Olfactory learning without the mushroom bodies: Spiking neural network models of the honeybee lateral antennal lobe tract reveal its capacities in odour memory tasks of varied complexities
Fig 3
Non-associative plasticity in the antennal lobe and the effect of inhibitory feedback on network decorrelation.
(A) Weight matrices of the synaptic connectivity from 36 antennal lobe local neurons to 36 projection neurons (PNs) in the presence of iSTDP between these connections (From left to right: random weights before training; weights after 500, 1000 and 2000 stimuli presentations). Each column of matrices exhibits strength of an inhibitory antennal lobe local neuron connection to different PNs. The initial connectivity matrix (left) was generated by a random Gaussian distribution, N(0, 10); (see S1 Video). (B) Correlation matrices of PN outputs before and after the exposure to stimuli. Positive and negative correlations are coloured by red and blue respectively. The correlation matrices approaches to a diagonal matrix, indicating that PN activity becomes decorrelated over training. Correlation matrices are calculated from the PNs’ firing rate activated by 64 different stimuli. This comparison shows that correlations between PNs are reduced over different stimulus presentation.

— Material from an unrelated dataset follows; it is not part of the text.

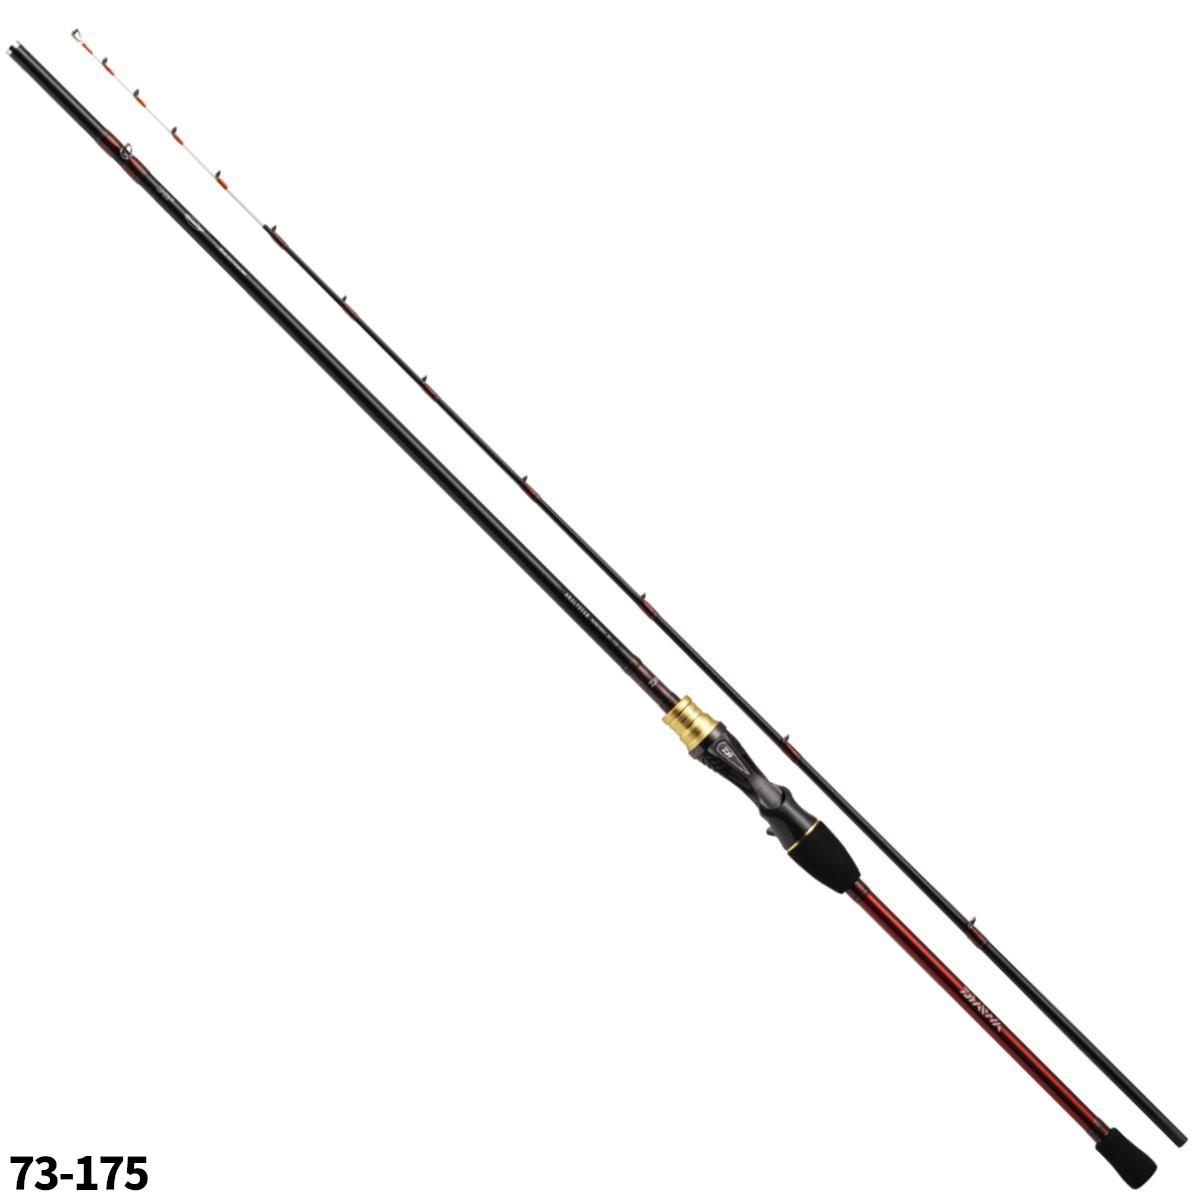 ダイワ アナリスター カワハギ 73-175(東日本店)

C) The entropy reduction that measures the strength of correlations between PNs is plotted as a function of the number of presented odour. The entropy reductions of the PNs' activity of 20 different simulated bees (different initial conditions and a different set of 2000 stimuli) are plotted as a function of the number of stimuli presentation for different values of the global inhibitory neuron (GIN) (Black for strong inhibitory feedback and grey for weak inhibitory feedback). Here low entropy reduction indicates less correlation. The entropy reduces after more odours are presented to the model. Increasing the inhibitory feedback signal from GIN accelerates decorrelation of PN activity.